:: WHAT THE TASK ASKS ::
Could you print the listing again exactly, omitting the pictures?

:: THE DATA ::
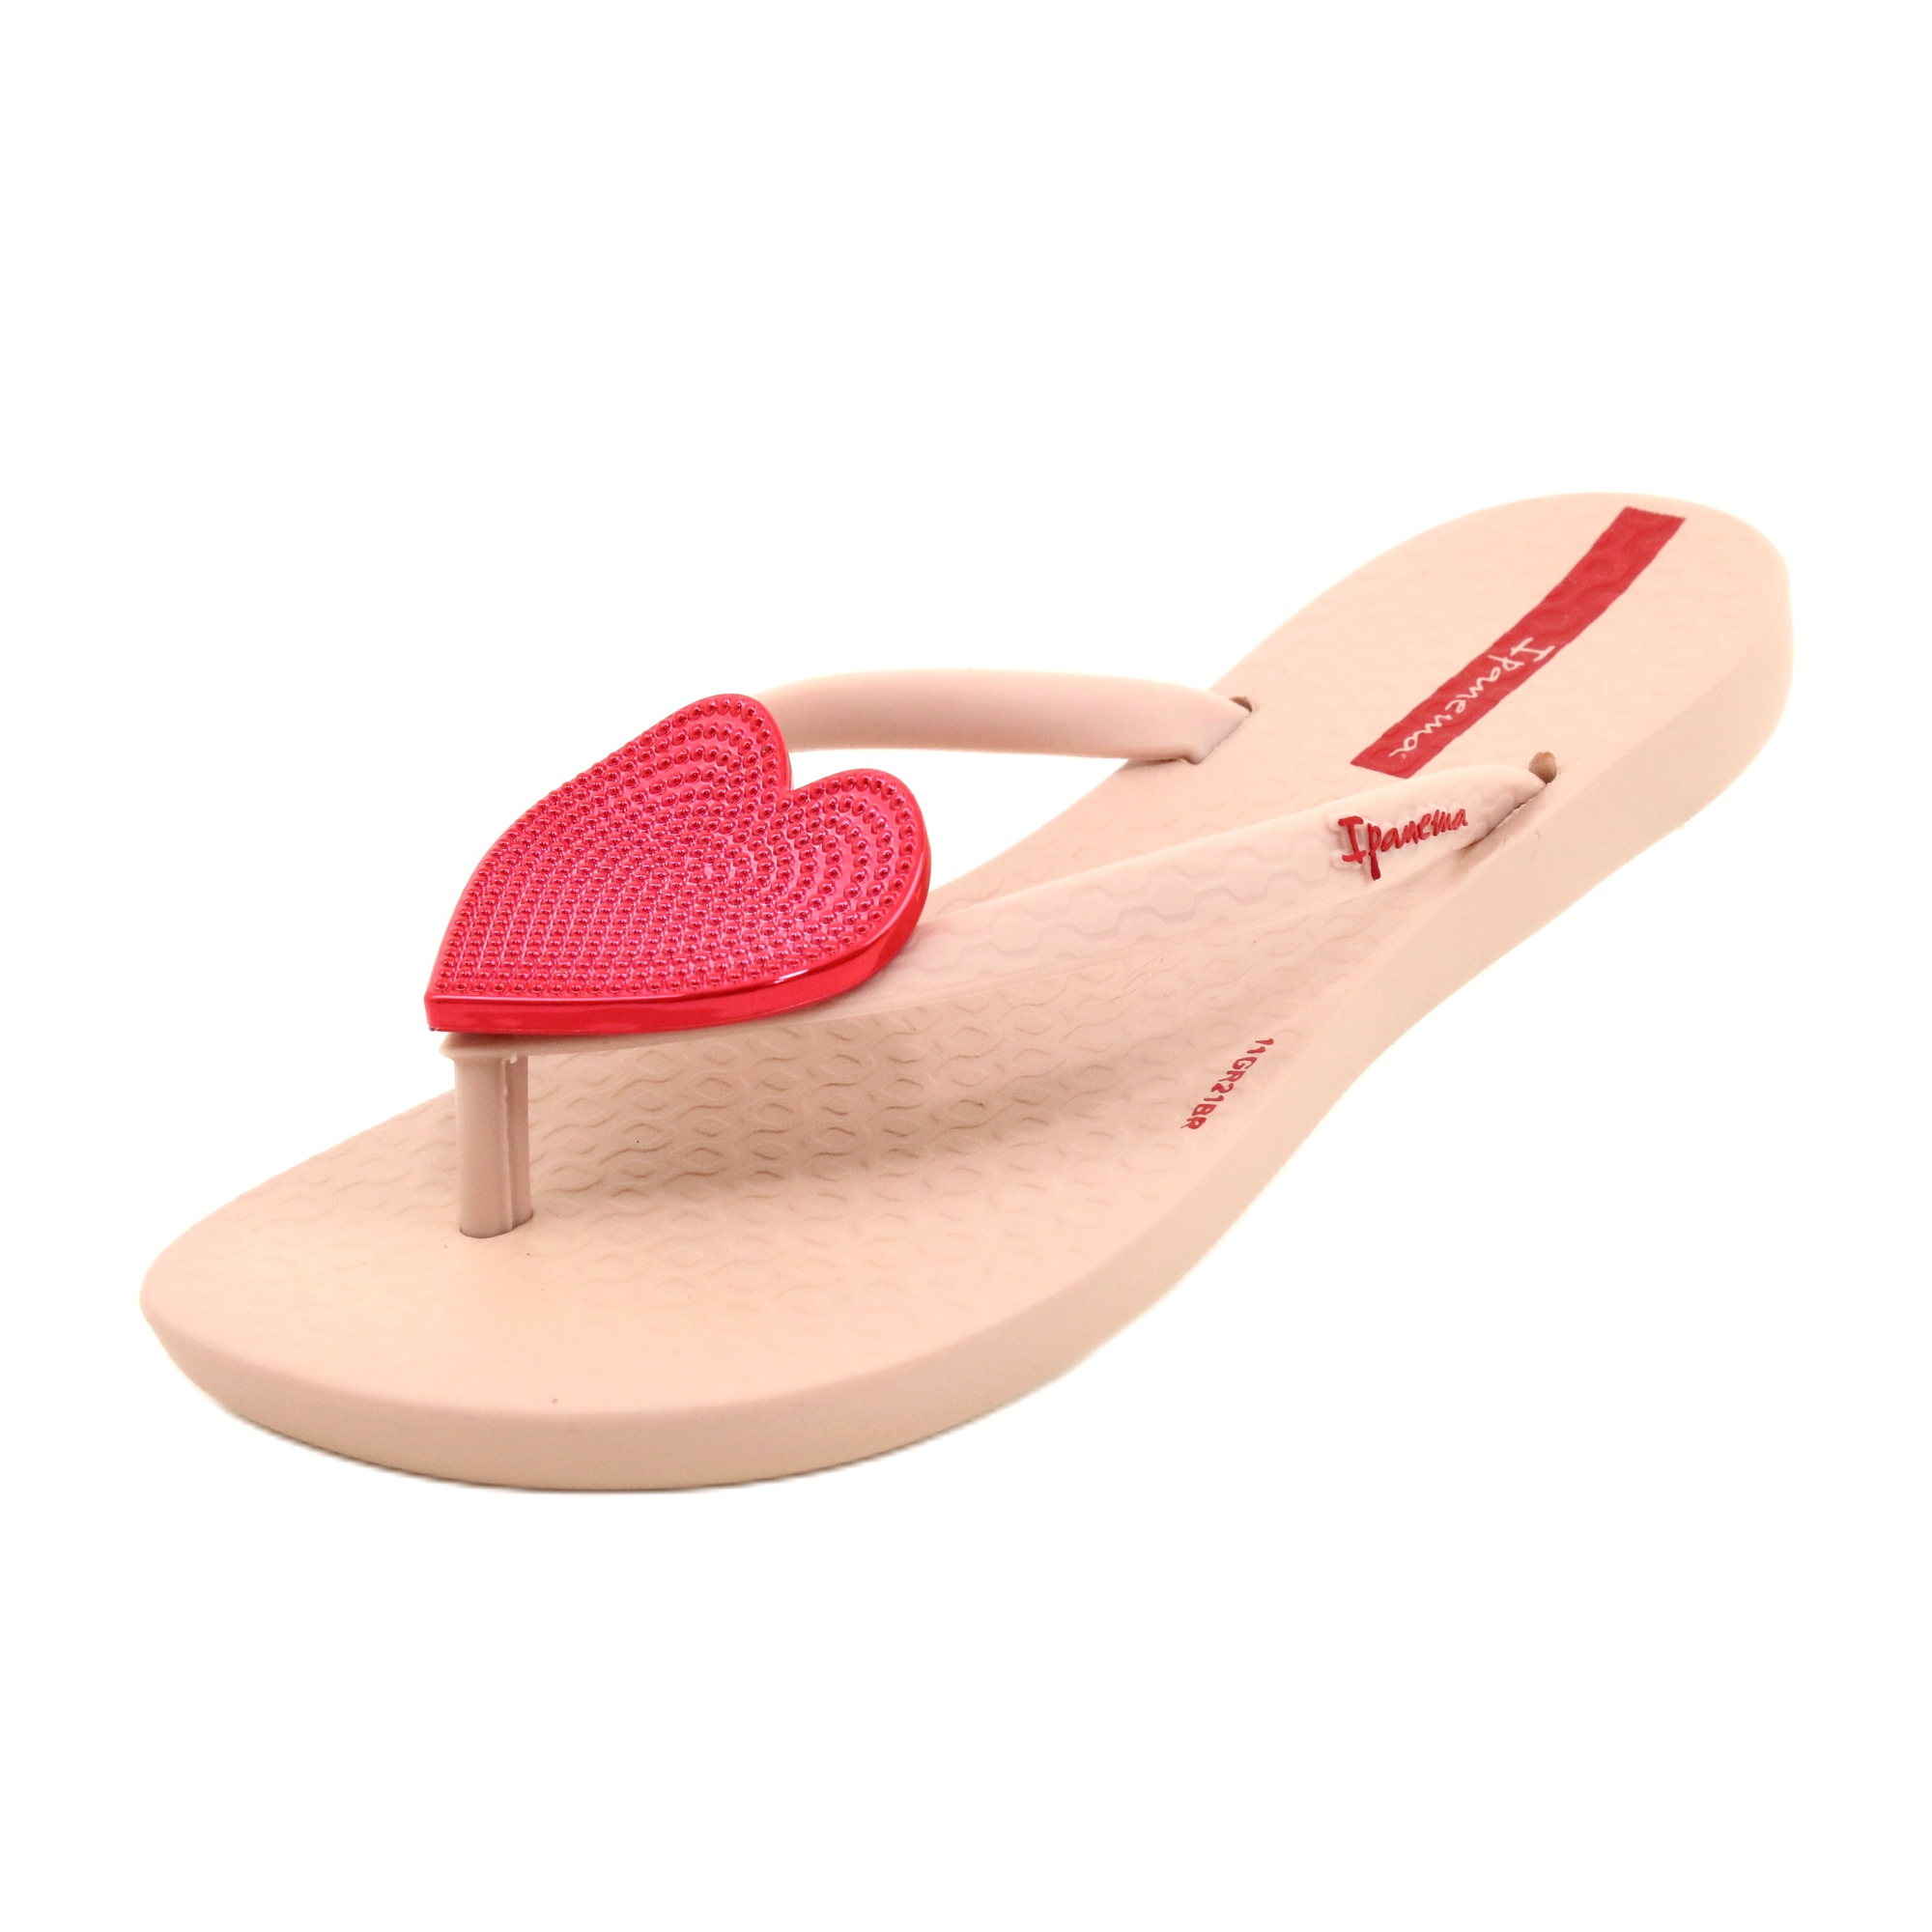 Zoeken Zelfrespect Nutteloos Mules / Flip-flops MAXI FASHION KIDS Ipanema 82598 red pink - KeeShoes
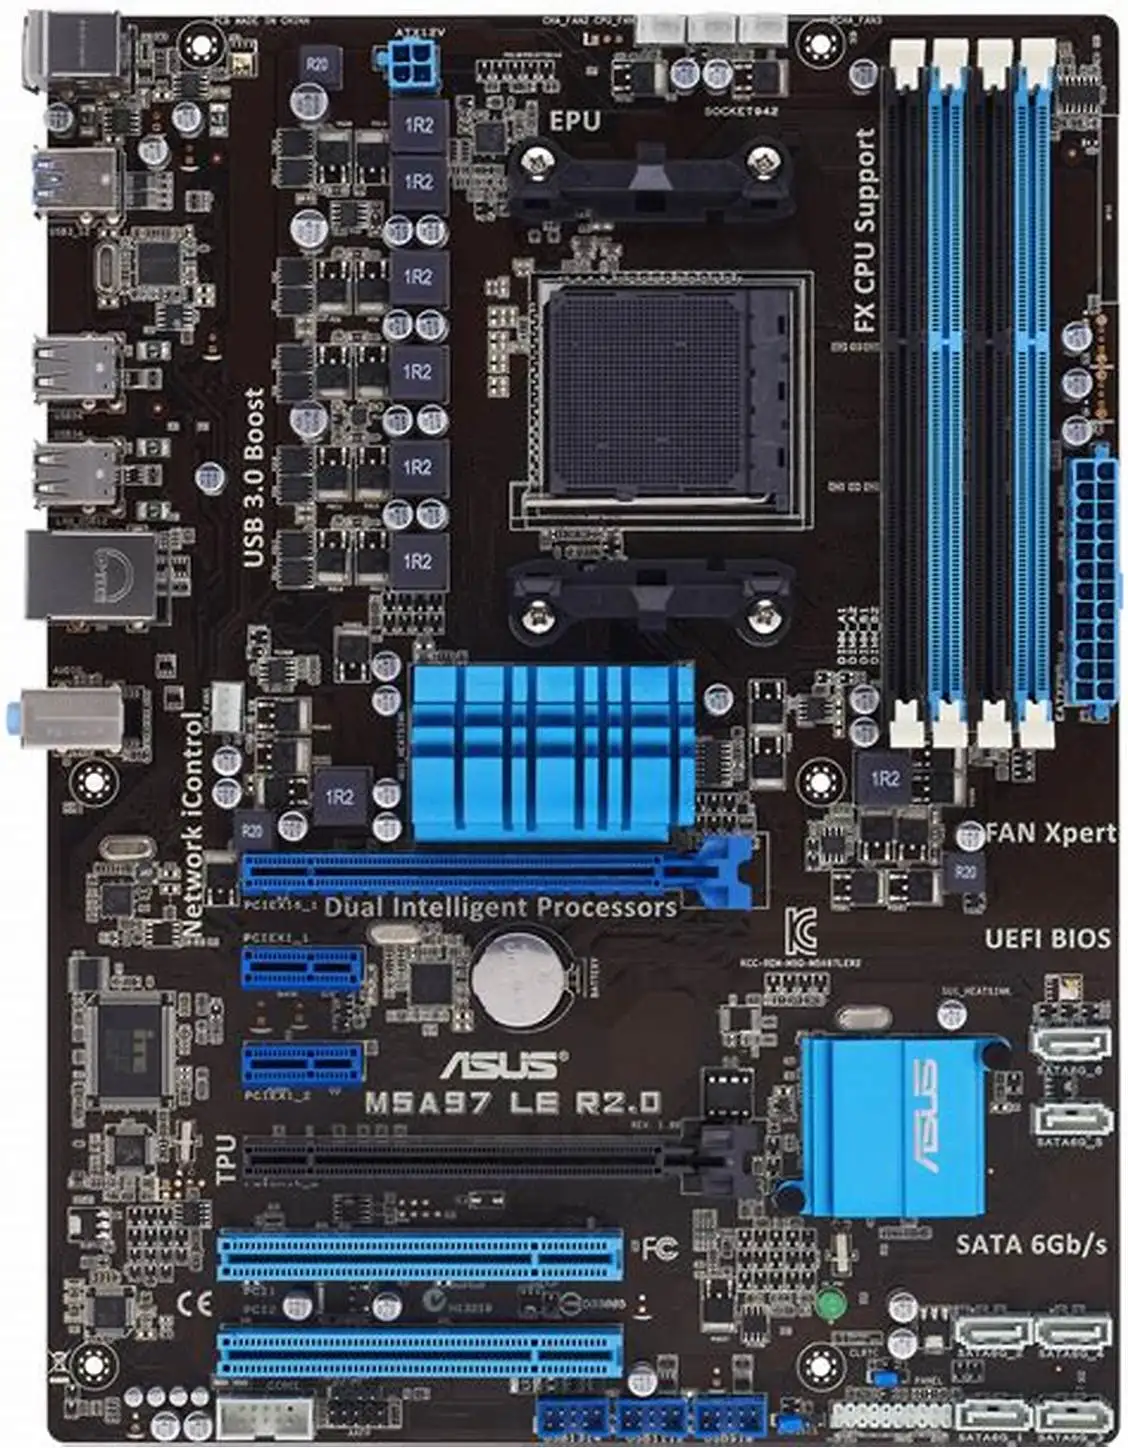 

Asus M5A97 LE R2.0 Socket AM3+ Motherboard DDR3 RAM For Athlon IIX2 240e FX-8120 cpus PCI-E 2.0 AMD 970 USB3.0 ATX Placa-mãe
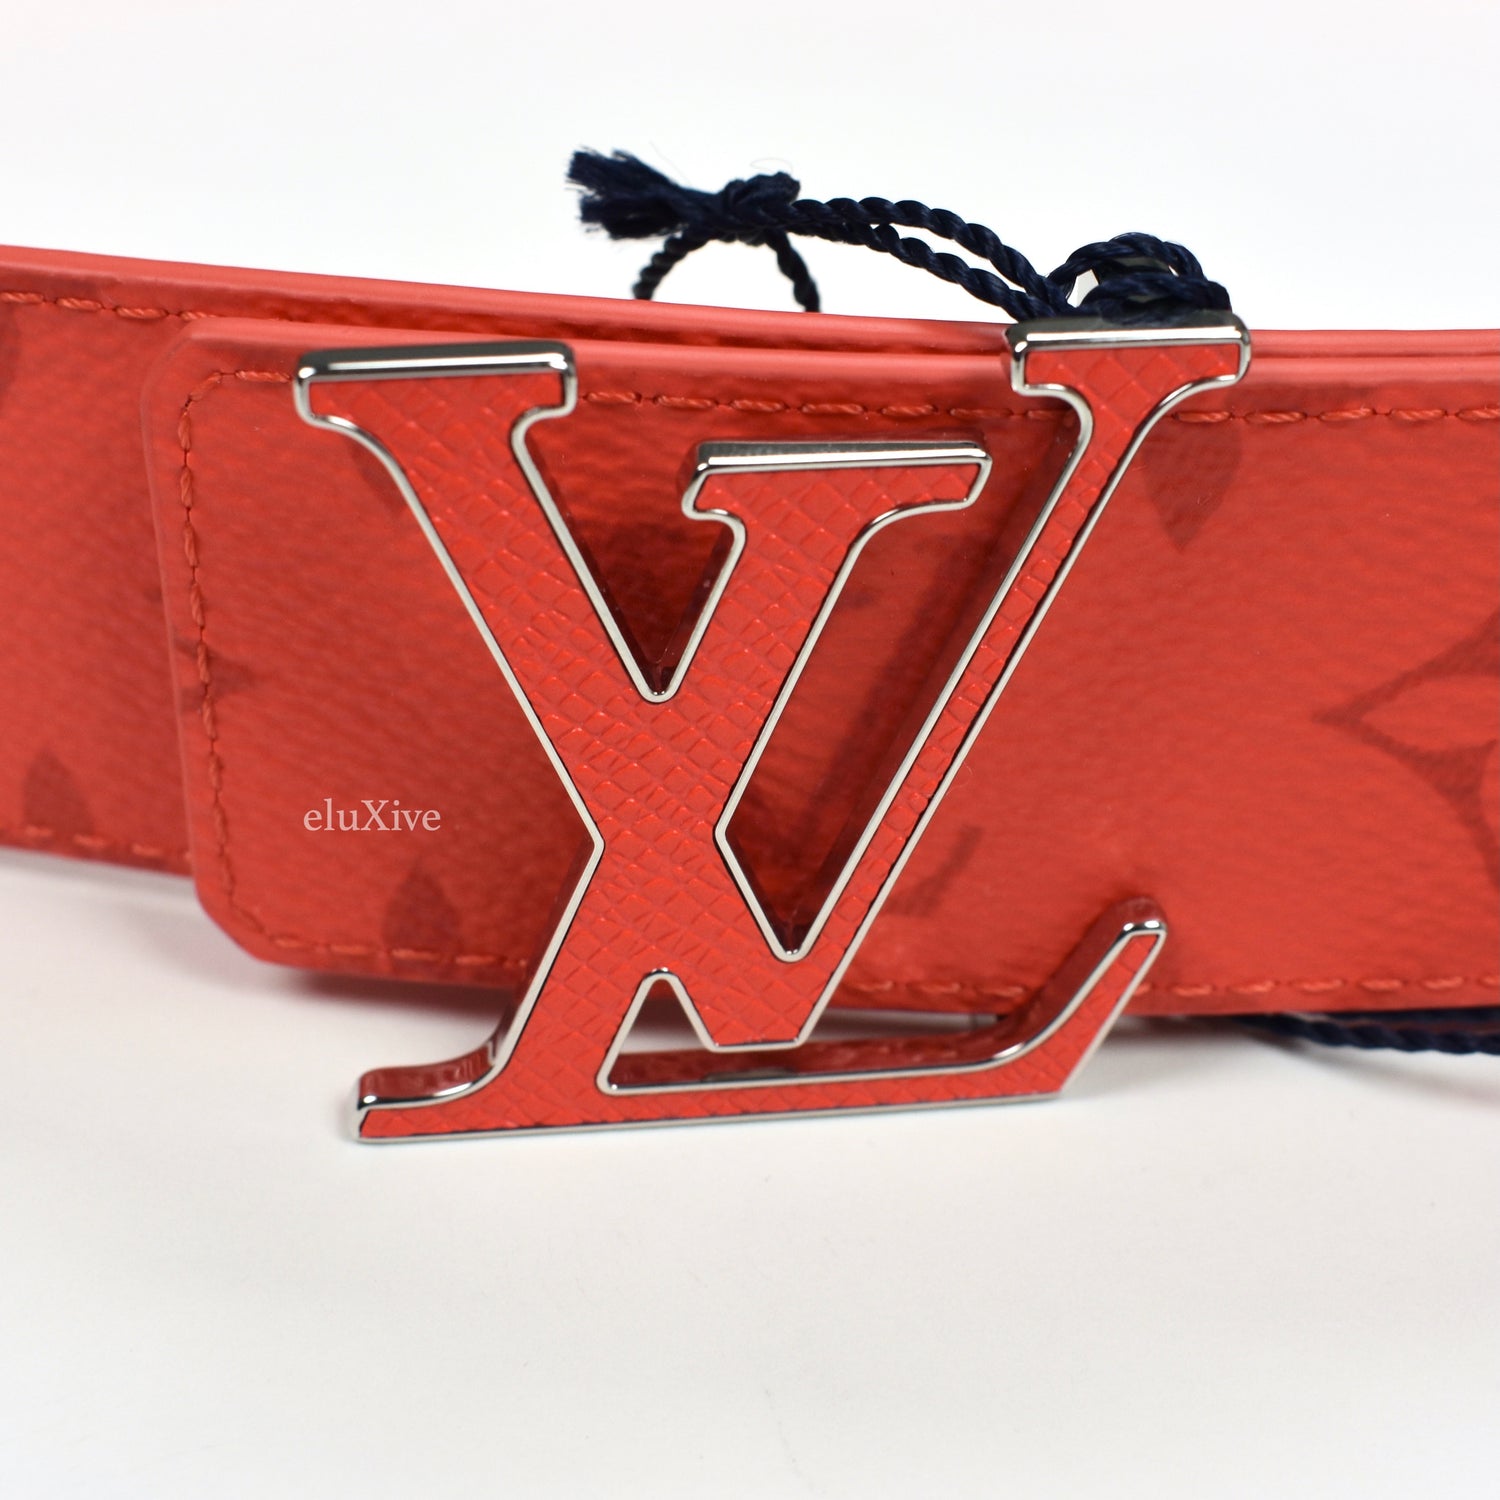 initiales belt red

:: RESULT ::
 Zoeken Zelfrespect Nutteloos Mules / Flip-flops MAXI FASHION KIDS Ipanema 82598 red pink - KeeShoes

Asus M5A97 LE R2.0 Socket AM3+ Motherboard DDR3 RAM For Athlon IIX2 240e FX-8120 cpus PCI-E 2.0 AMD 970 USB3.0 ATX Placa-mãe
 initiales belt red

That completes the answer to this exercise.